Design of Experiment: perovskite thin film optimization PLQY and FWHM
This notebook is made to use optimPV for experimental design. Here, we show how to load some data from a presampling, and how to use optimPV to suggest the next set of experiment using Bayesian optimization.
The goal here is to do multi-objective optimization (MO) to maximize the photoluminescence quantum yield (PLQY) and minimize the full width at half maximum (FWHM) of a perovskite thin film.
Note: The data used here is real data generated in the i-MEET and HI-ERN labs at the university of Erlangen-Nuremberg (FAU) by Frederik Schmitt. The data is not published yet, and is only used here for demonstration purposes. For more information, please contact us.
[1]:
# Import necessary libraries
import warnings, os, sys, shutil
# remove warnings from the output
os.environ["PYTHONWARNINGS"] = "ignore"
warnings.filterwarnings(action='ignore', category=FutureWarning)

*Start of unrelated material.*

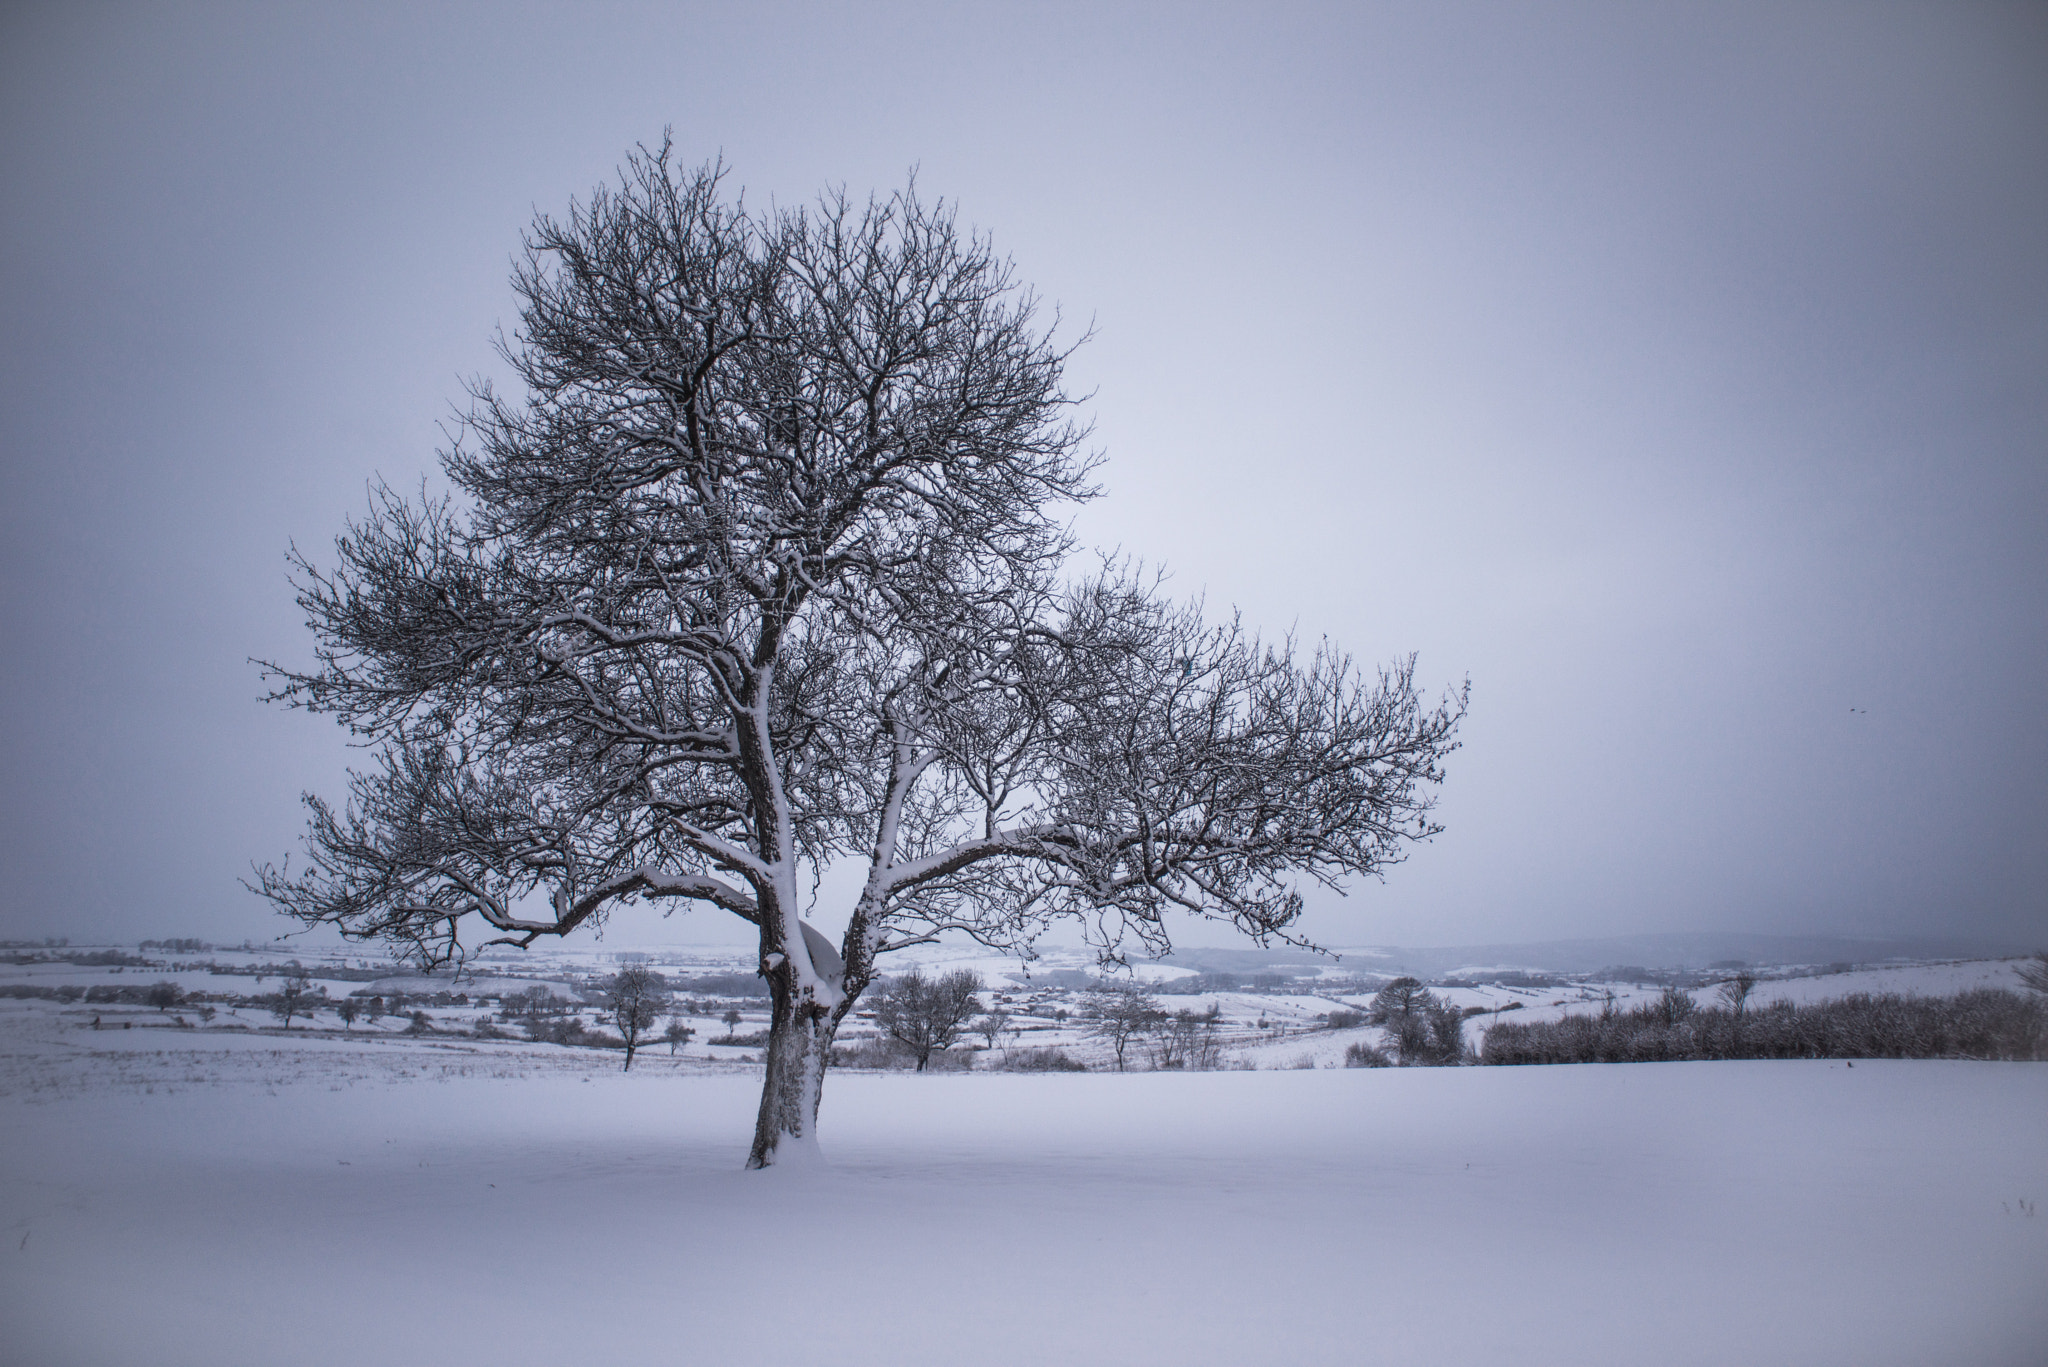 AF Nikkor 20mm f/2.8 sample photo. Tree at winter photography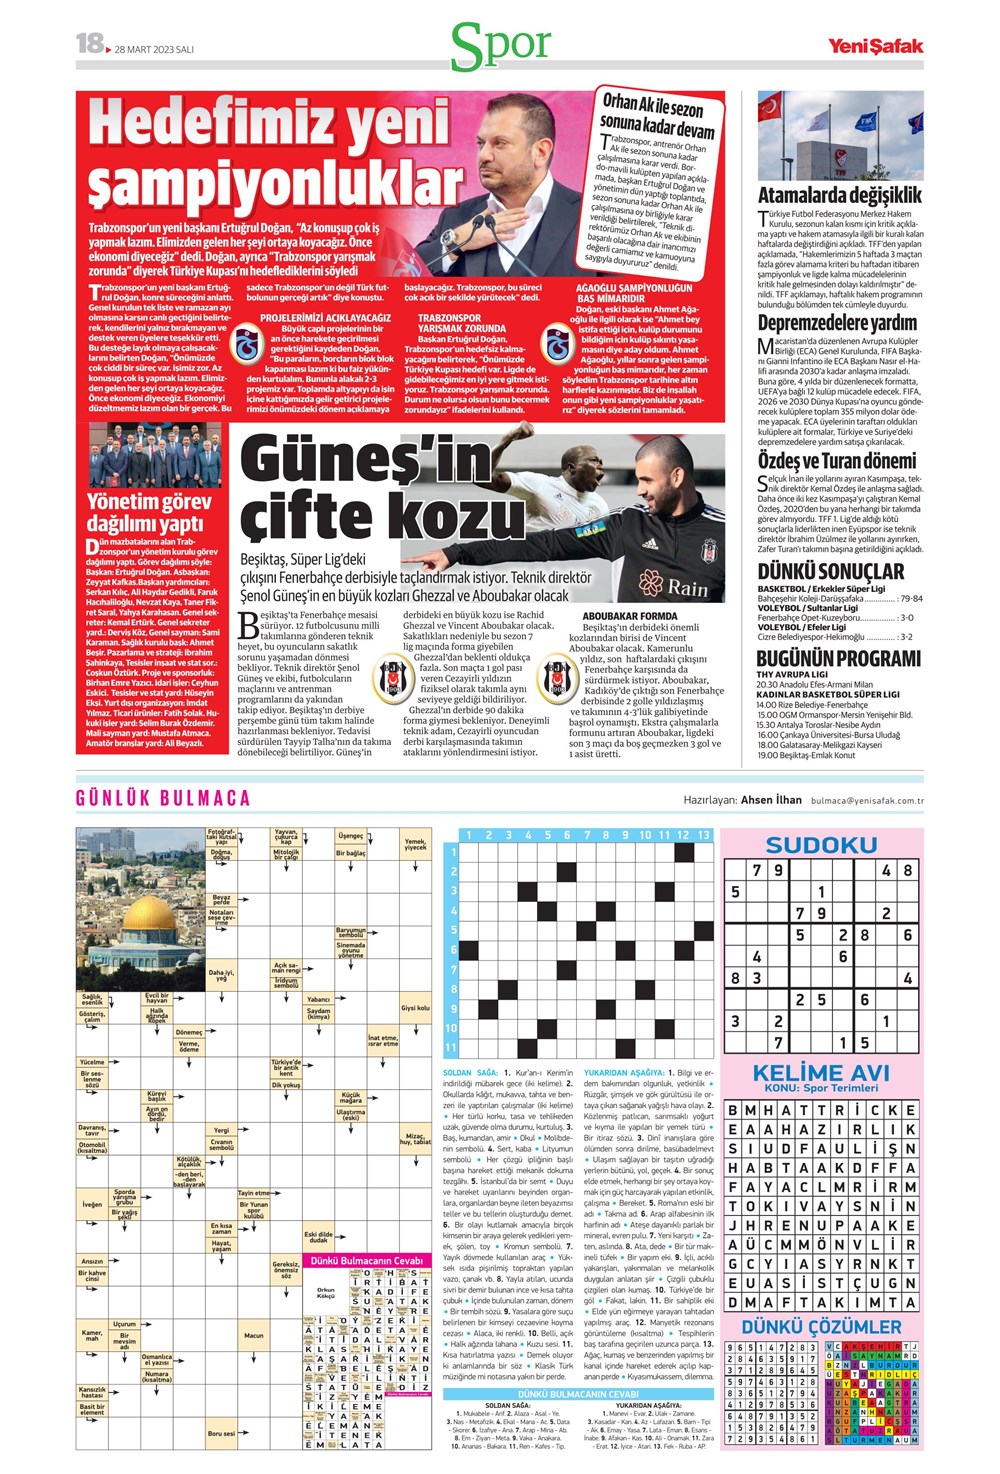 "Vurduğumuz gol olsun" - Sporun manşetleri - 34. Foto

warnings.filterwarnings(action='ignore', category=UserWarning)
import pandas as pd
import matplotlib.pyplot as plt
import numpy as np
from numpy.random import default_rng
import torch, copy, uuid
import pySIMsalabim as sim
from pySIMsalabim.experiments.JV_steady_state import *
import ax, logging
from ax.utils.notebook.plotting import init_notebook_plotting, render
init_notebook_plotting() # for Jupyter notebooks
try:
from optimpv import *
from optimpv.pymooOpti.pymooOptimizer import PymooOptimizer
except Exception as e:
sys.path.append('../') # add the path to the optimpv module
from optimpv import *
from optimpv.pymooOpti.pymooOptimizer import PymooOptimizer
[INFO 08-13 17:14:14] ax.utils.notebook.plotting: Injecting Plotly library into cell. Do not overwrite or delete cell.
[INFO 08-13 17:14:14] ax.utils.notebook.plotting: Please see
(https://ax.dev/tutorials/visualizations.html#Fix-for-plots-that-are-not-rendering)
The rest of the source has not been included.